5G IN ACTION: TELEMEDICINE

Where has 5G been deployed to enable telemedicine?

As part of the West Midlands 5G programme, 5G-powered diagnostic tools are being used to help GPs across the region deliver virtual ward rounds. This not only enables GPs to respond quickly to identified issues and reduce unnecessary hospital visits, it has also offered residents minimal exposure to COVID-19.

The Liverpool 5G Create project is deploying 5G-powered solutions to enable remote diagnosis of care home residents. Optical techniques are being used to detect infections in urine and transmit ultra-high resolution images to GP surgeries for analysis.  The project is also using 5G to deploy a pressure ulcer management system where Artificial Intelligence (AI) imaging techniques and emerging camera technologies categorise pressure ulcers remotely and send high-quality images to practitioners for diagnosis.

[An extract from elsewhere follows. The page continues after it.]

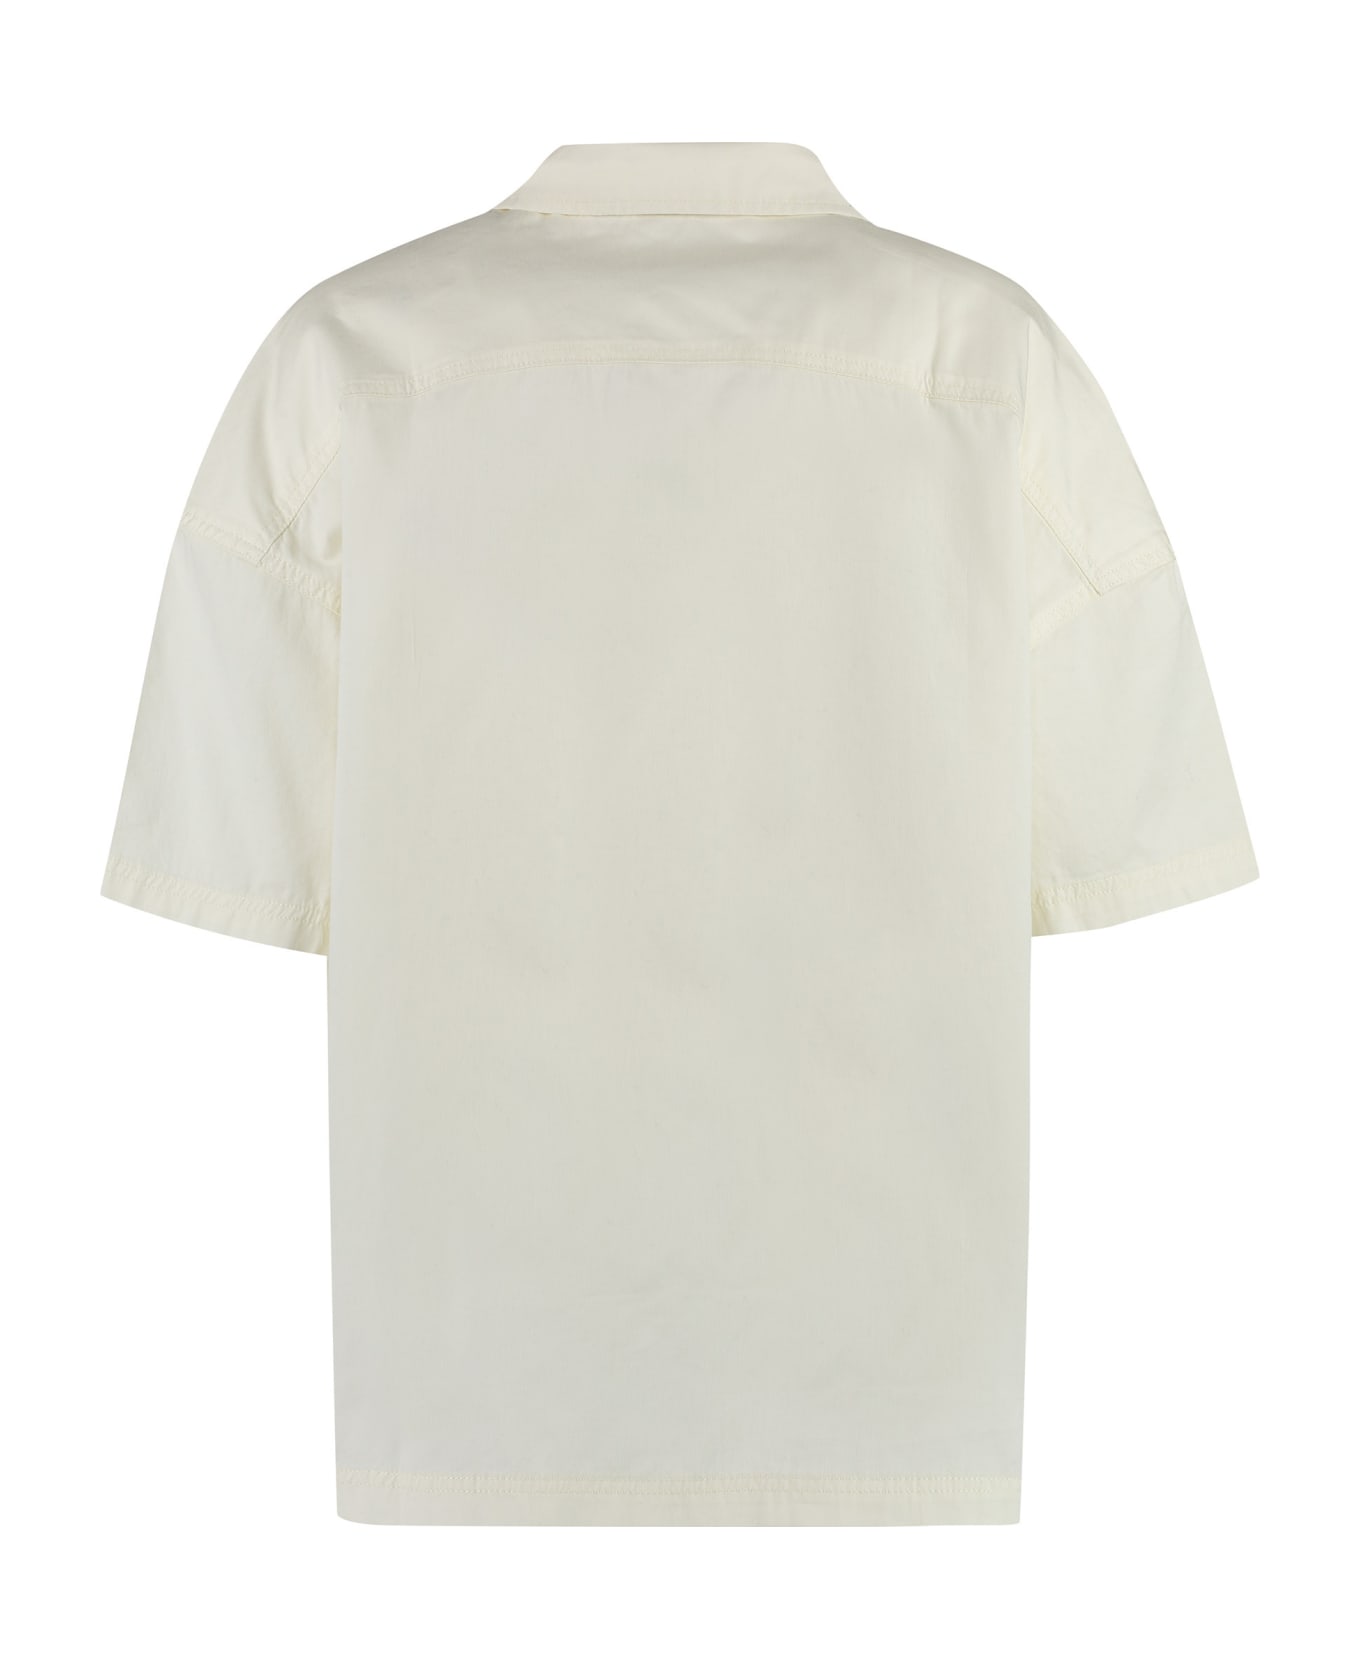 Dickies Vale Short Sleeve Cotton Shirt - Ivory シャツ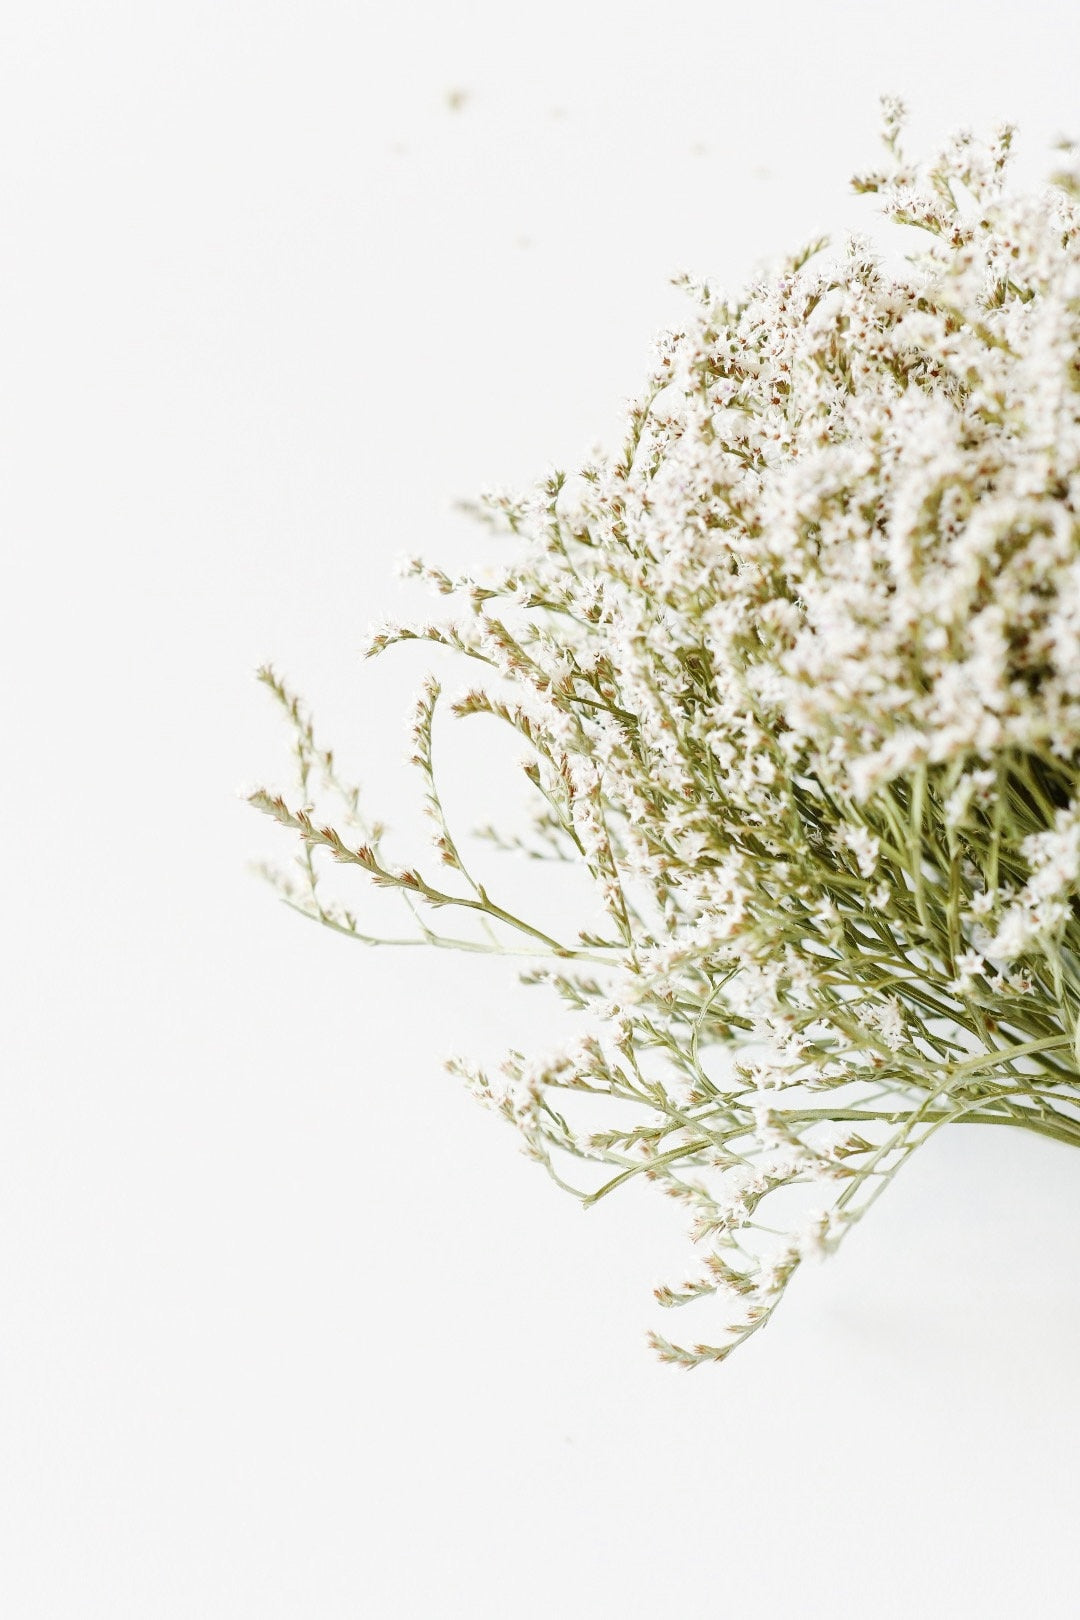 German Statice, Dry Flowers, White, Green, Wedding Bouquet, Floral Supply, Home Decor, Dried Wreath, Wildflowers Bunch, Farmhouse, Star

A range of home diagnostic devices are being developed across the globe, giving people at-home access to tools used by doctors during in-surgery exams. One of the closest to market is Tyto, which is a handheld device that can capture and record a patient’s heartbeat and breath sounds. The built-in camera can take high resolution photos of skin lesions, rashes and moles, as well as enabling examination of a patient’s tonsils and ear canal; using 5G, the patient can send data to a doctor in real time.

In Greece, the Vodafone Foundation Telemedicine Programme is using mobile technology combined with next generation medical devices to provide high-quality specialised healthcare, regardless of location. By way of tablets and medical equipment, GPs and rural doctors are able to transfer their examinations to medical specialists for their expert opinion, granting greater access to secondary care for those in remote and rural locations. The programme is implemented in 100 remote areas, covering a population of 500,000 people. Results show an increase in patient engagement and adherence with treatment plans, as well as improved continuity and completeness of care with the ability to identify issues more quickly: around 75% of patients reported a reduction in the number of hospital visits they needed.